Ten years of predictable rates allow real estate developers and professionals to strategically plan, incorporating bonus depreciation into their projections. The TCJA also removed the previous restrictions that prevented bonus depreciation on acquisitions.

The future of bonus depreciation rates remains uncertain and is subject to economic conditions and government policies.

The Bonus Rate Transition

The bonus depreciation rate changed significantly starting at the end of September 2017. Initially, there was a period of 100% bonus depreciation, which meant that property owners could expense by way of depreciation 100% of the cost of eligible assets in the year they were placed-in-service. Eligible assets must have a MACRS class life of 20 years or less.
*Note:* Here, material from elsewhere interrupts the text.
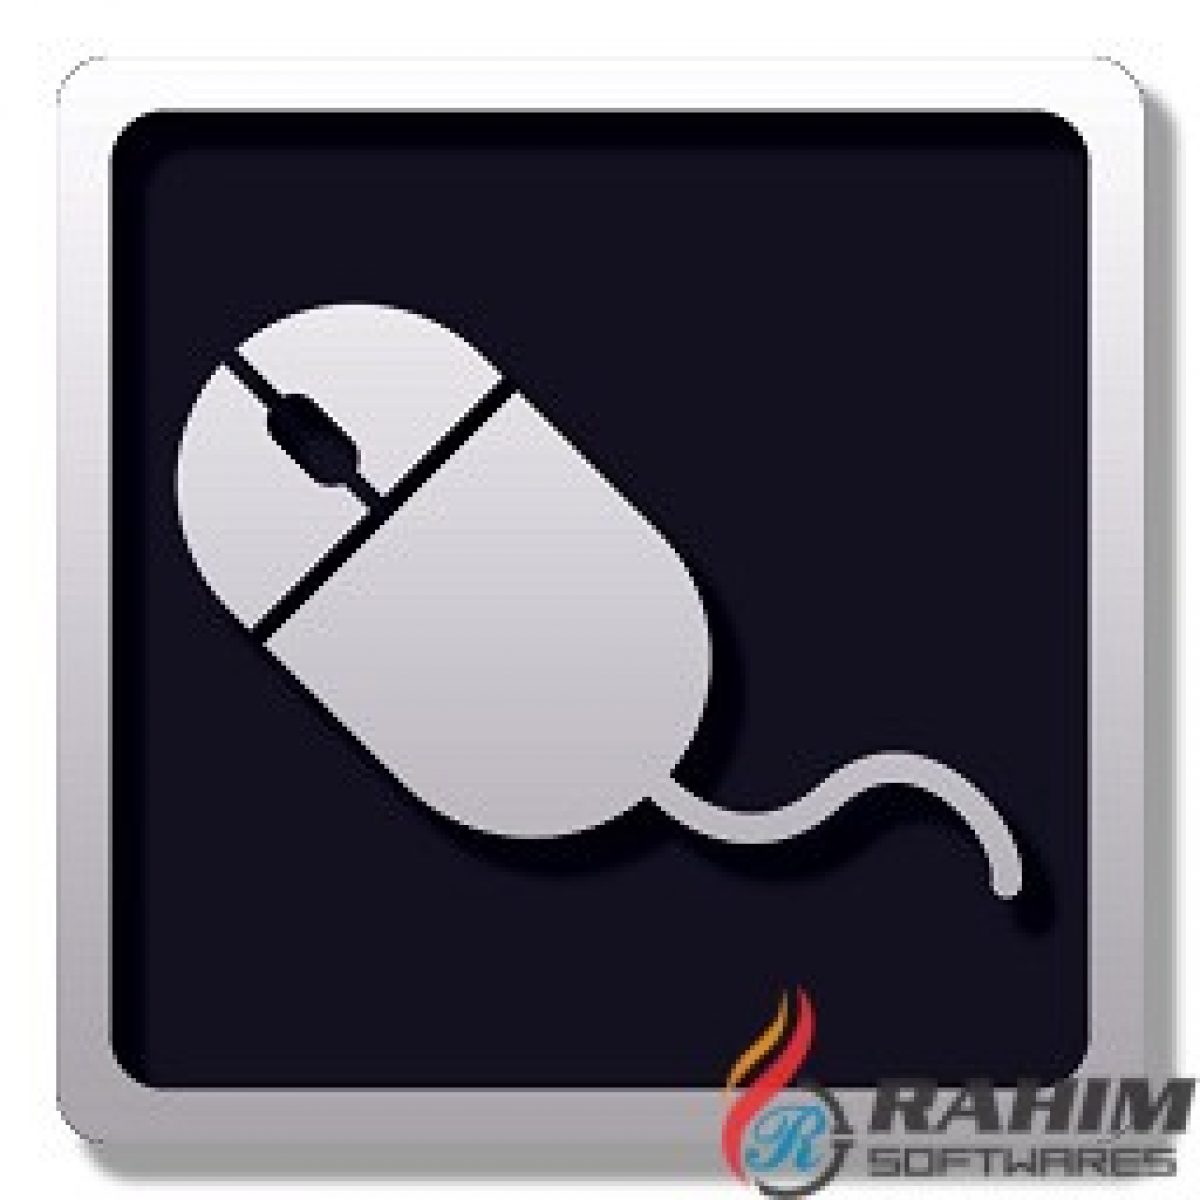 mouse and keyboard recorder 3.1.9.2 keygen

This 100% bonus period lasted through the end of 2022.

However, the rate then began to step down at the start of 2023, decreasing by 20% each year. This means that the rate will gradually reduce to 80% in 2023, 60% in 2024, 40% in 2025, and finally 20% in 2026. The transition step-down means that planning ahead is crucial in capturing the best possible bonus rate.

Practical Steps for Maximizing Bonus Depreciation

Planning and timing are critical to maximize bonus depreciation benefits. Bonus rate is determined by the year in which a property was placed-in-service. This means that projects must be completed, and assets placed-in-service, within a given tax year to qualify for the bonus rate of that year.

This planning can be particularly crucial for acquisitions and renovations, as the placed-in-service date will have a significant impact on the depreciation benefits. Even if you are not sure whether you will have enough income in the year of acquisition to benefit from the deduction, placing assets in service in that year locks in the better bonus rate. In this scenario, a look-back study may be employed in future when income becomes sufficient, to capture depreciation retroactively.

Moreover, staying informed about state regulations is essential. Many states have decoupled from federal bonus depreciation rules. This means that mapping out state tax liabilities becomes more straightforward as bonus depreciation phases out.

The Role of Section 179 Expensing

While bonus depreciation is still the primary focus for many, it's worth considering Section 179 expensing for certain assets. Section 179 allows businesses to expense the cost of certain assets in the year they are acquired, rather than depreciating them over time.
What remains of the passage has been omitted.